### [WHAT IS BEING ASKED]
Practice item. Set the material below down again exactly, with no pictures.

### [AVAILABLE DATA]
****************

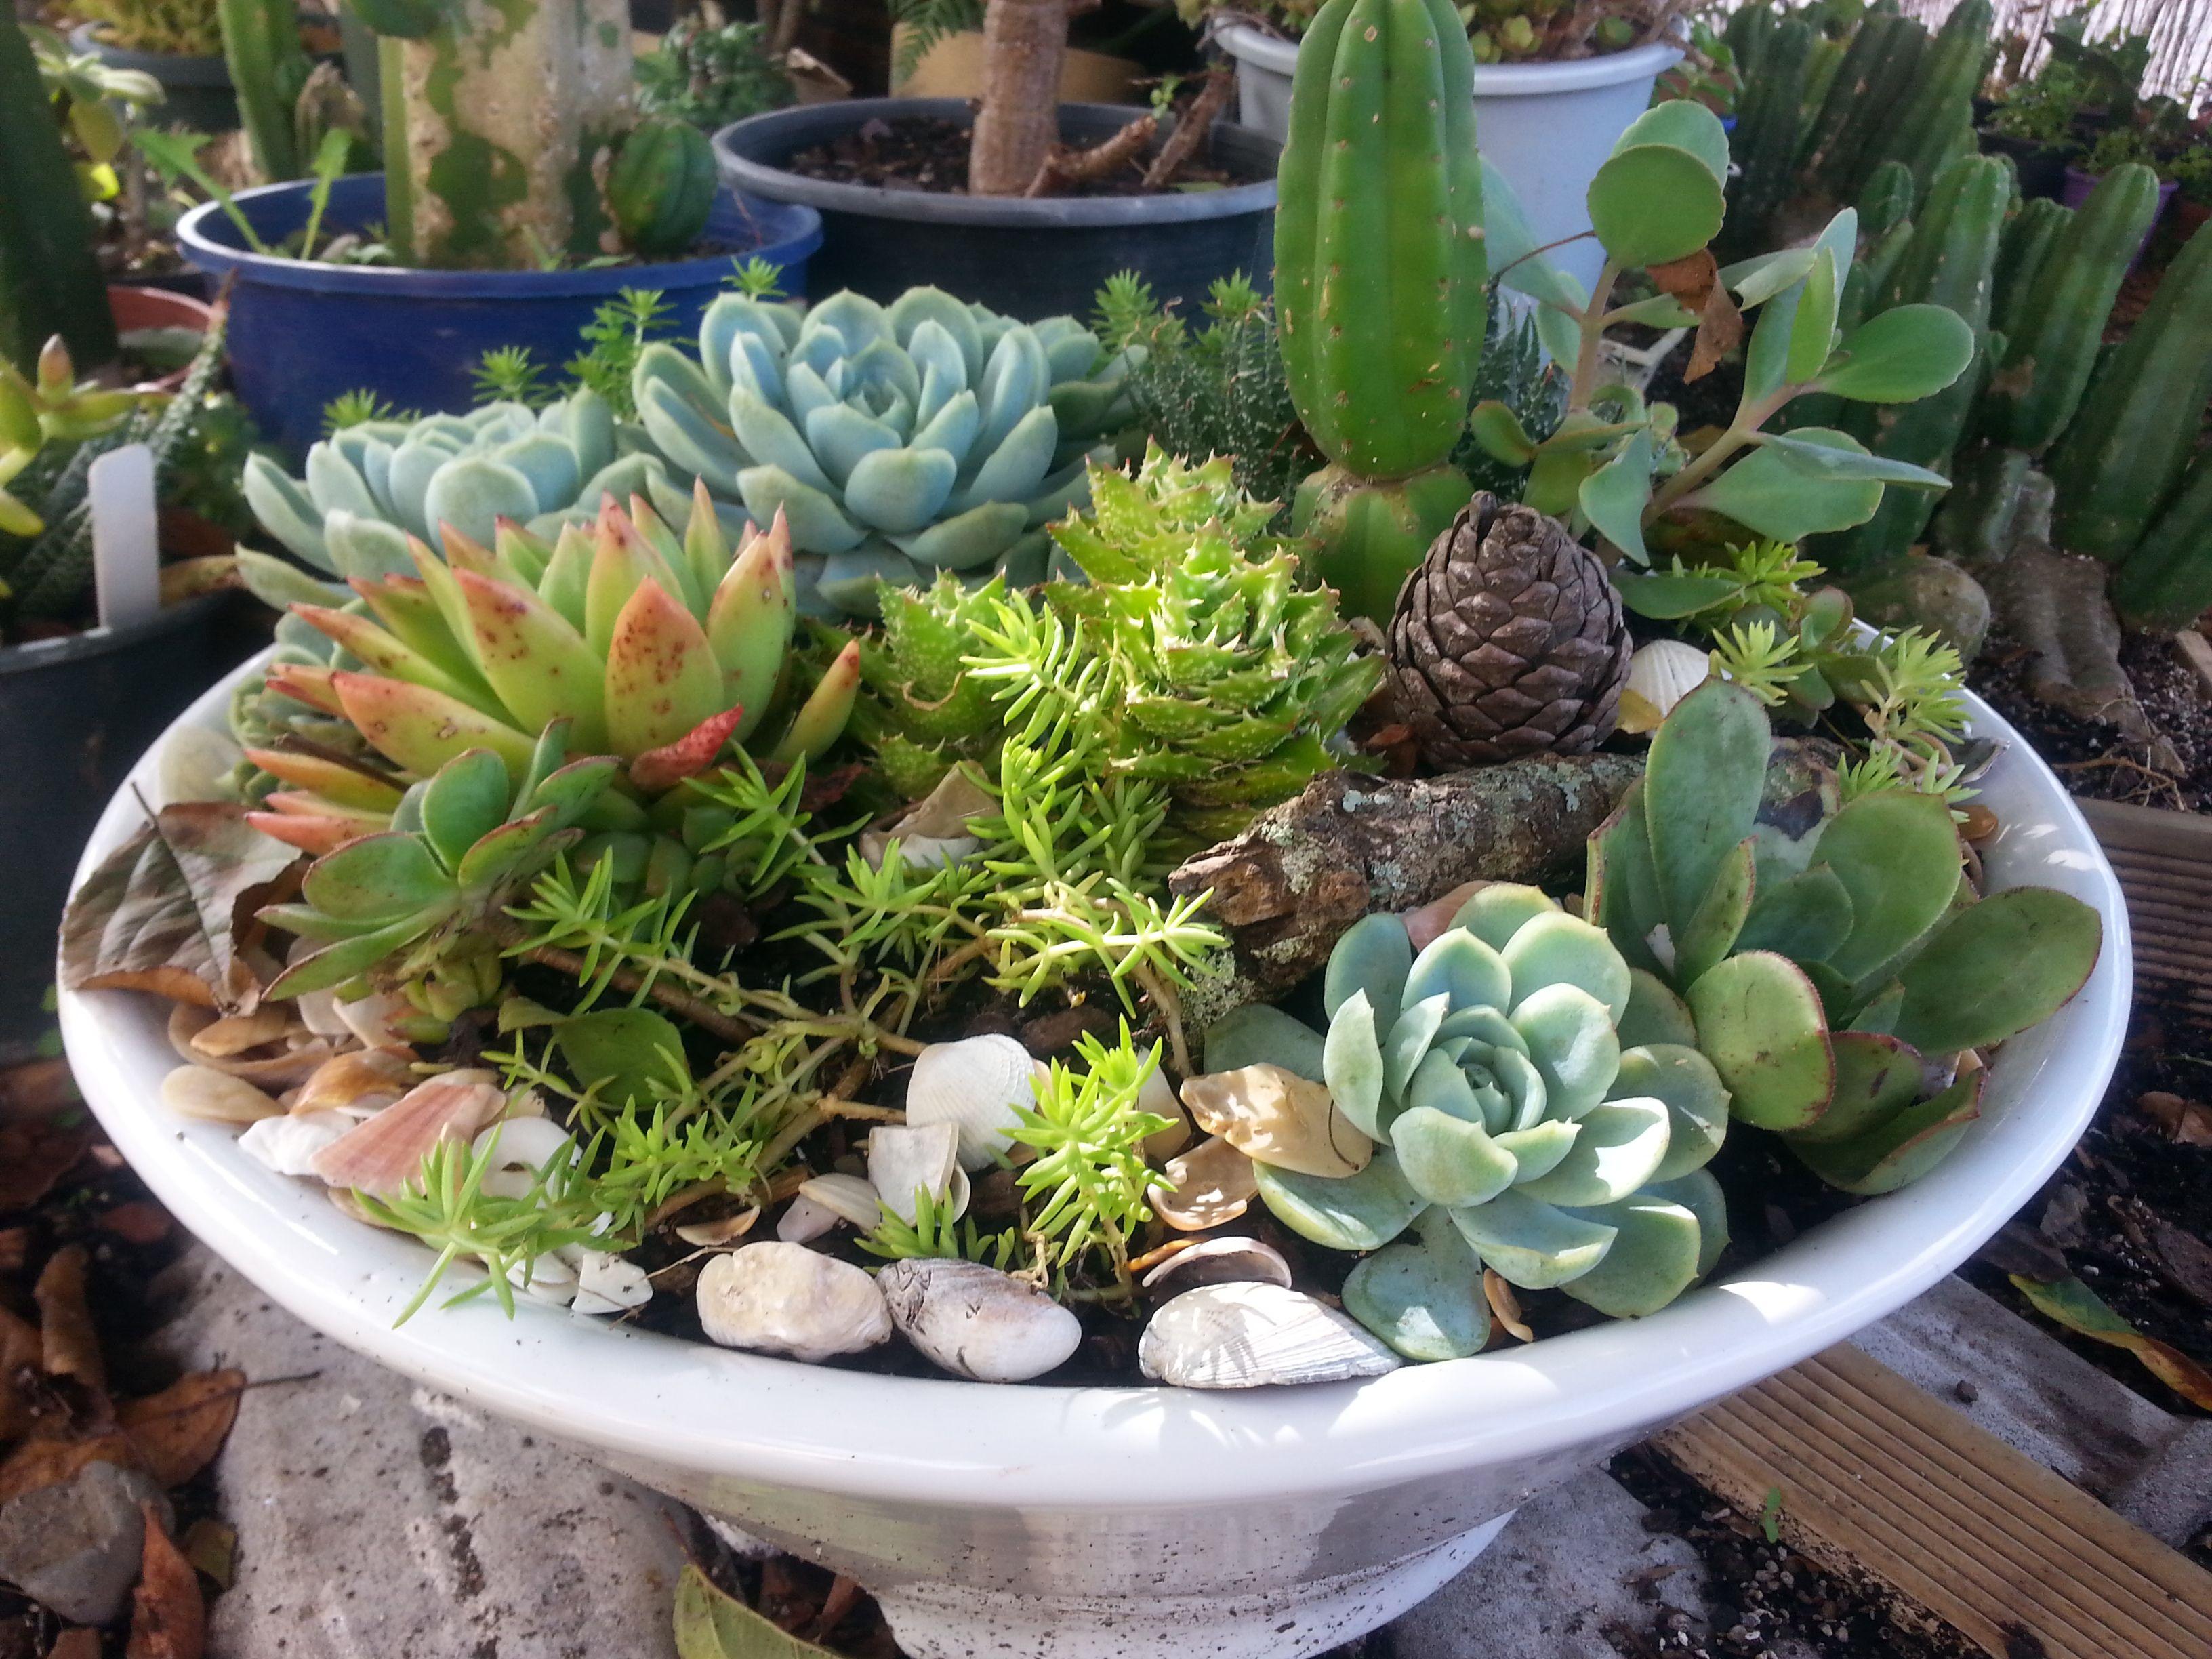 A succulent garden in a repurposed old ceramic bathroom for Succulent dish garden designs
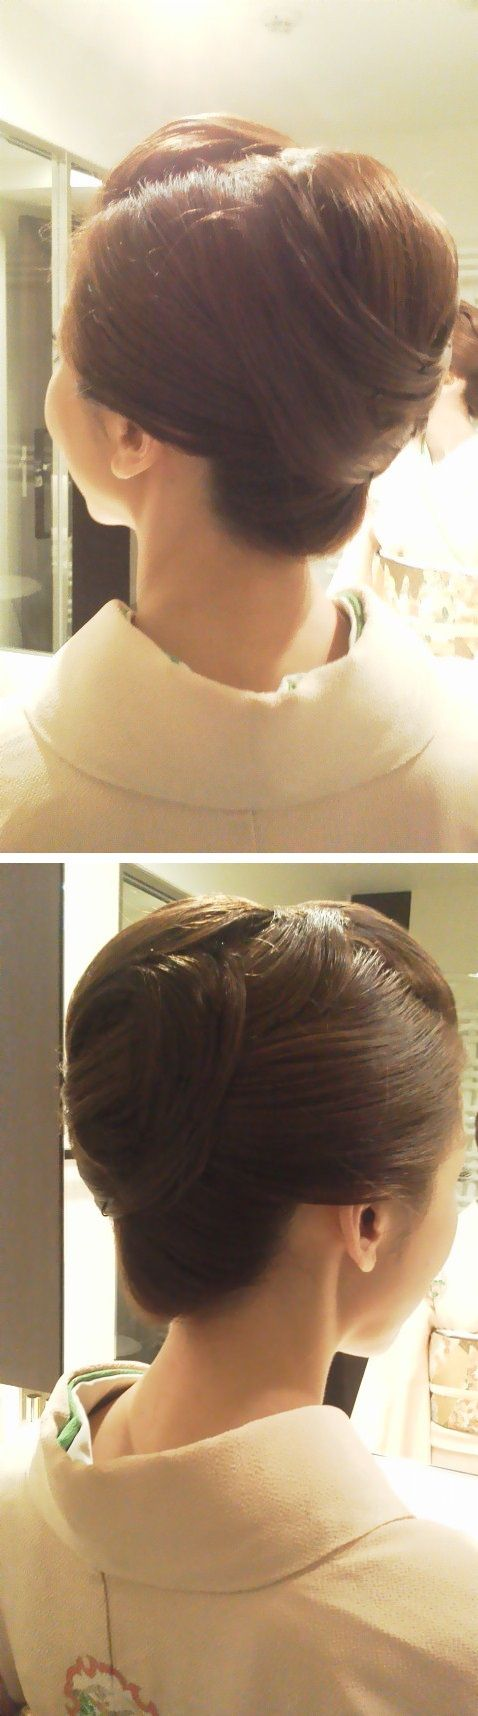 Kimono hairstyle: 着物 ヘアスタイル
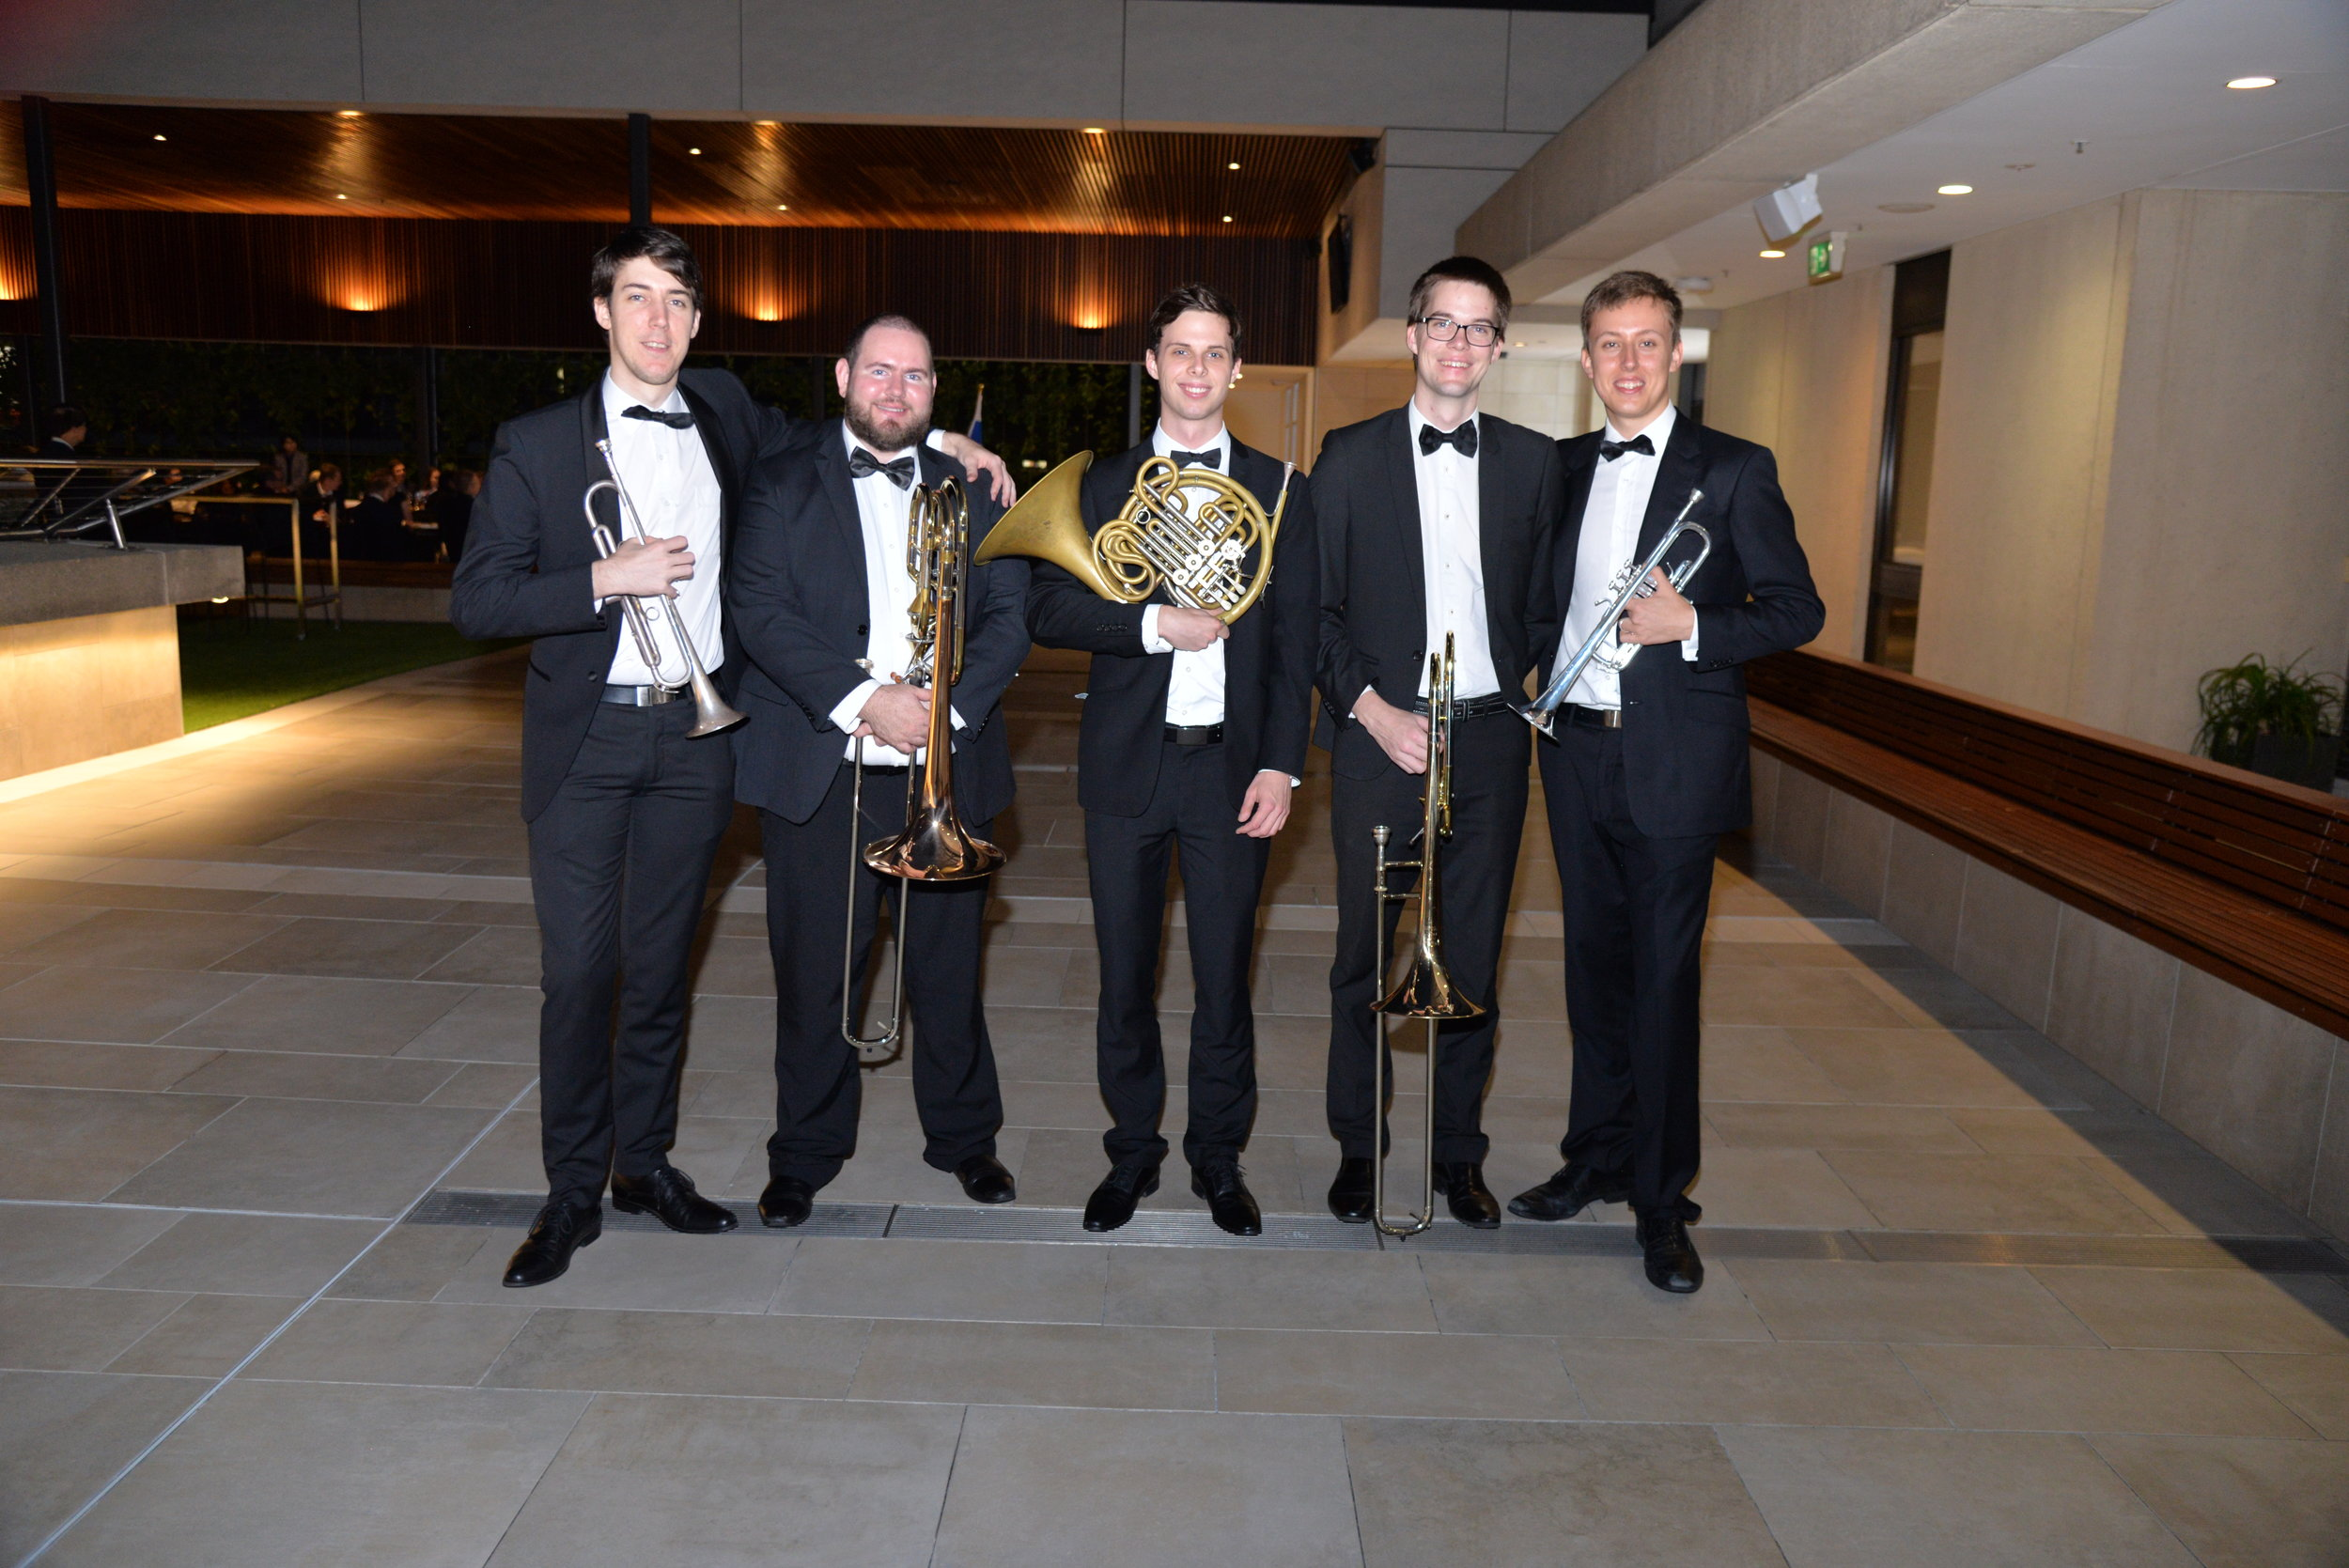 Left to Right: Patrick McKechie, Steven Port, Tim Allen-Ankins, Paul Black, Patrick Nowland
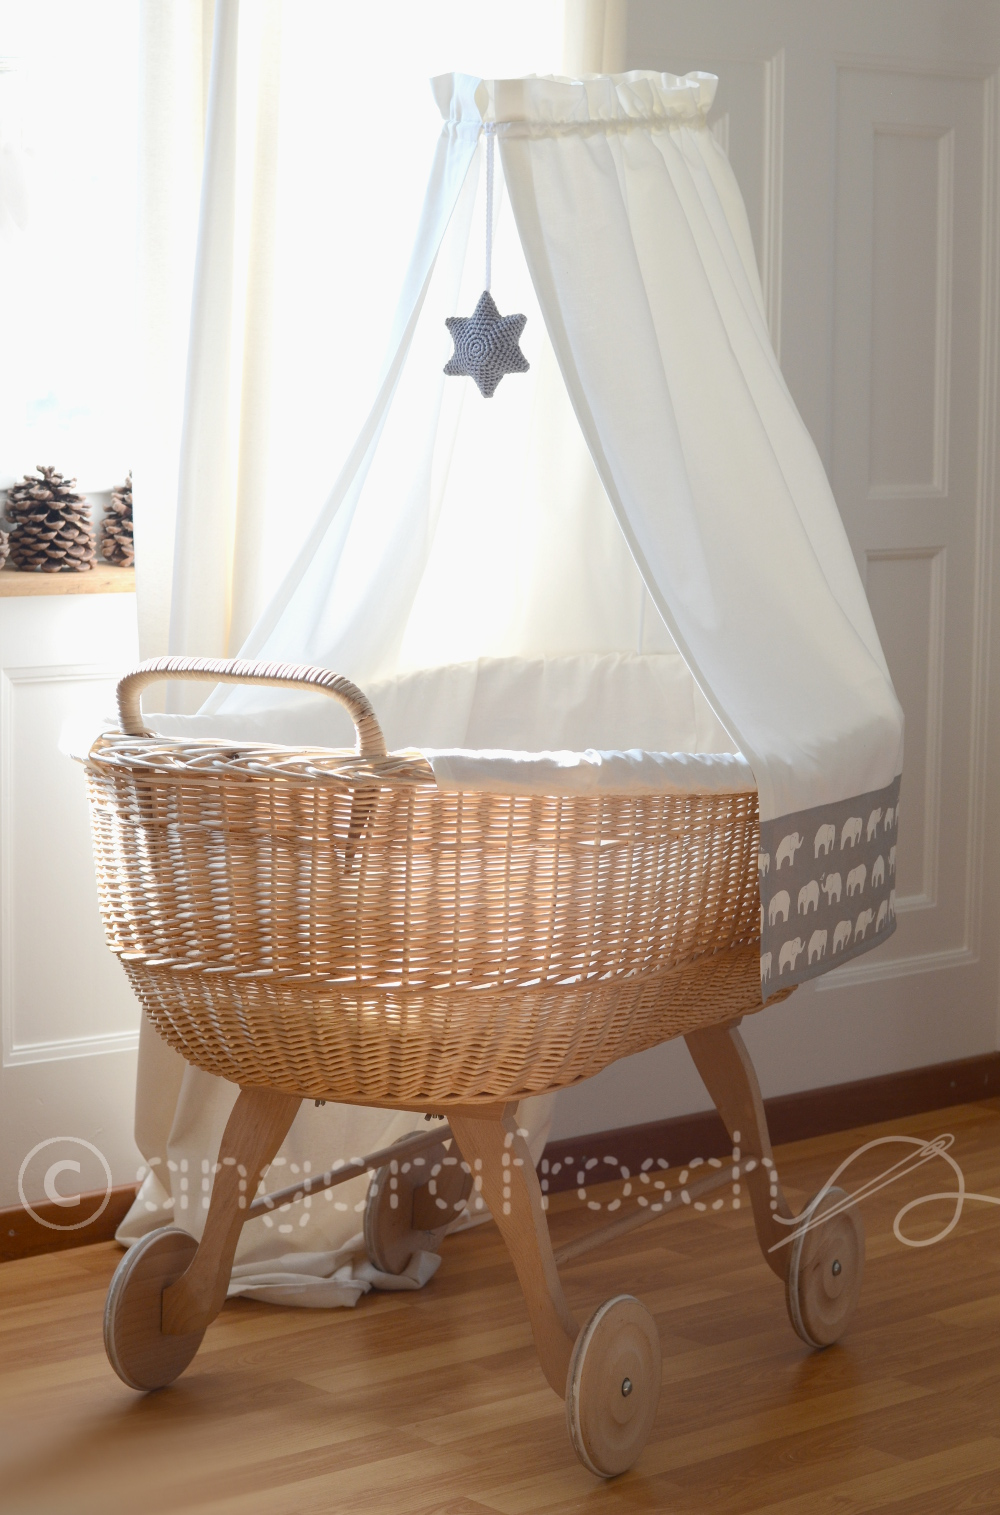 angorafrosch juni 2013. Black Bedroom Furniture Sets. Home Design Ideas

****************

### [ANSWER TO THIS TASK]
 A succulent garden in a repurposed old ceramic bathroom for Succulent dish garden designs
 Kimono hairstyle: 着物 ヘアスタイル
 Left to Right: Patrick McKechie, Steven Port, Tim Allen-Ankins, Paul Black, Patrick Nowland
 angorafrosch juni 2013. Black Bedroom Furniture Sets. Home Design Ideas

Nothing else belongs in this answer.